On the morning of December 13, 1882, Bertillon introduced the world’s first scientific system of classifying criminals. Bertillon began by forcing each offender into a revolving chair, which is still used at the Sûreté today, and taking a series of 24-by-30-inch glass-plate photographs. Until that date, the Sûreté had photographed about 60,000 criminals, stiff, full-faced, unrevealing portraits. Bertillon changed all that He introduced, despite the difficulties presented by time exposure, a pioneer form of candid photography. Convicts were photographed informally, in natural poses. Bertillon played down the standard full-faced picture, which he felt distorted the appearance, especially of the nose. Instead, he concentrated on profiles, which he felt gave police a more honest view of a man’s brow, nose, chin. Also, he snapped close-ups of prominent facial features.

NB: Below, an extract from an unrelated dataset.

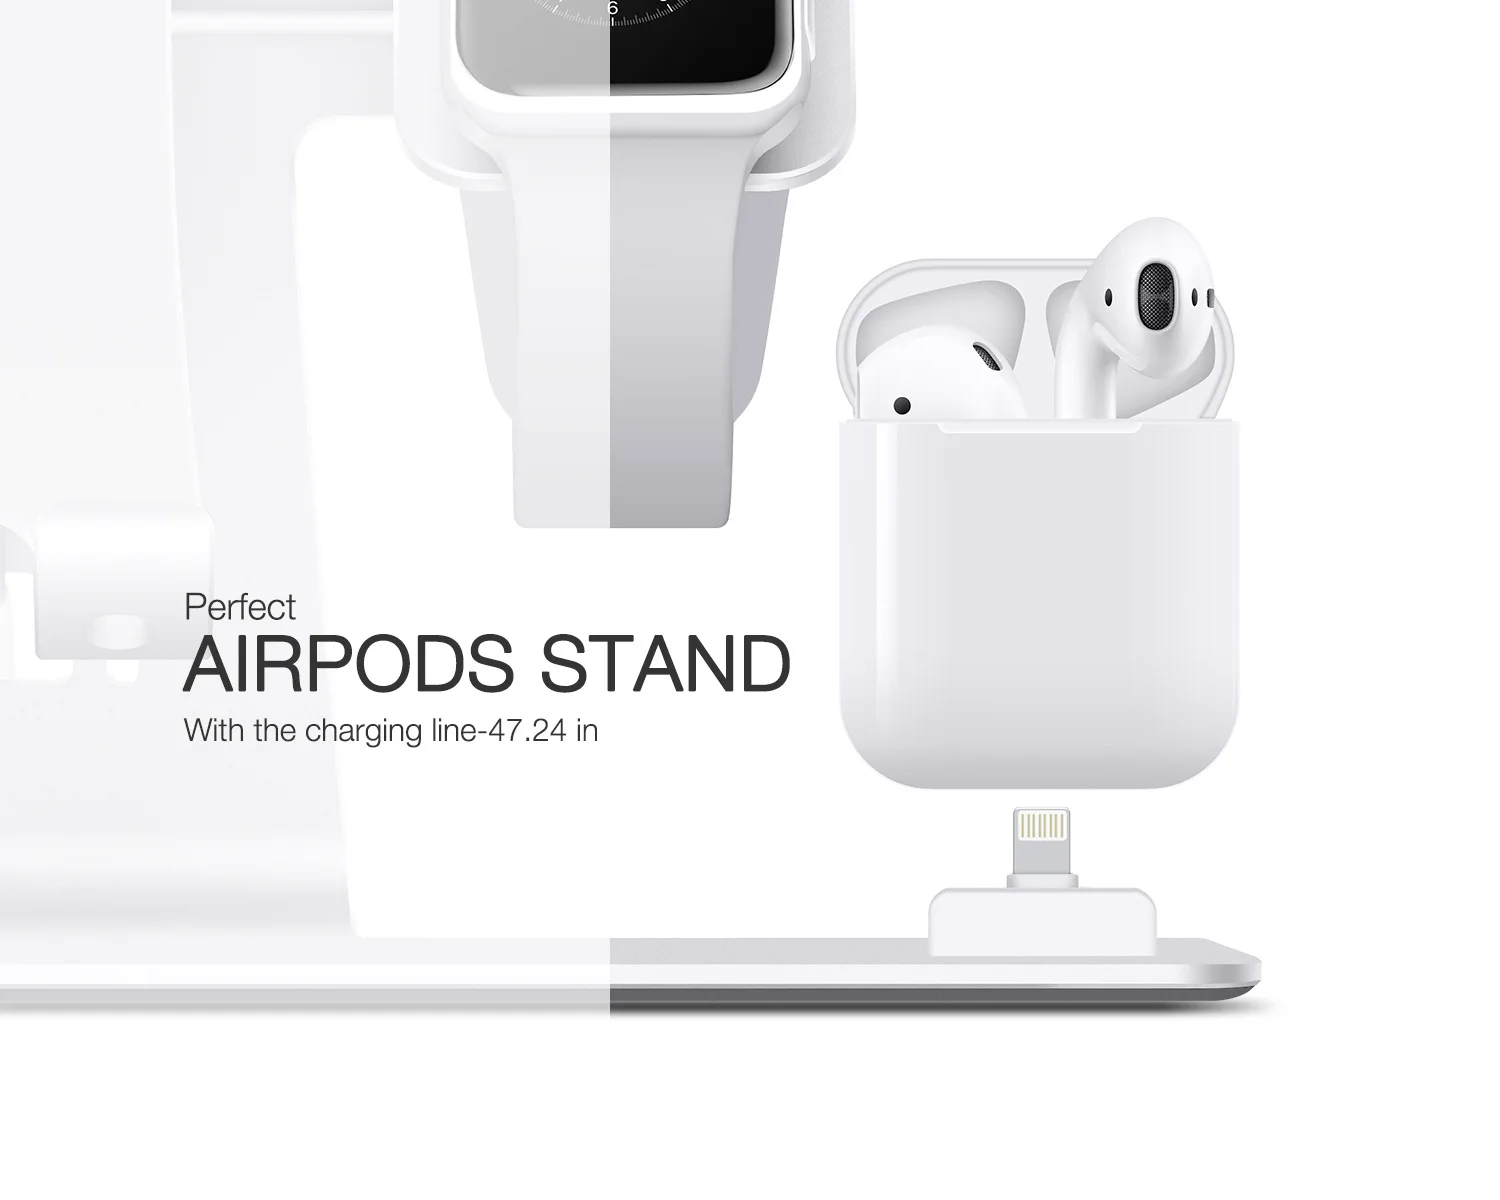 3 в 1 алюминиевая Qi Беспроводная зарядная док-станция для Airpods Apple Watch 2 3 4 iPhone X Xs Max XR 8 Plus samsung S10 S9

Next, Bertillon applied his system of recording physiological statistics. Each man’s head, right ear, left middle finger, left forearm, and left foot were carefully measured and noted. The measurements were taken three times and averaged, except in the case of the head, where all three measurements had to agree exactly. There were other measurements: left index finger, arm spread, chest girth, height. Physical oddities, like moles and scars, were jotted down. Even the exact shade of the eyes was recorded; Bertillon felt the color of adult eyes never changed. All of this was placed on an index card, and, with the photographs, classified and filed according to a clever system of size groupings Bertillon had created. The file which Bertillon inaugurated that first day, sixty-seven years ago, may still be seen in the Sûreté Identity Department, above the Summary Courts of the Palais de Justice in Paris—except that, today, these files contain ten million cards, with names now classified phonetically instead of alphabetically, each record being kept on file for ninety years.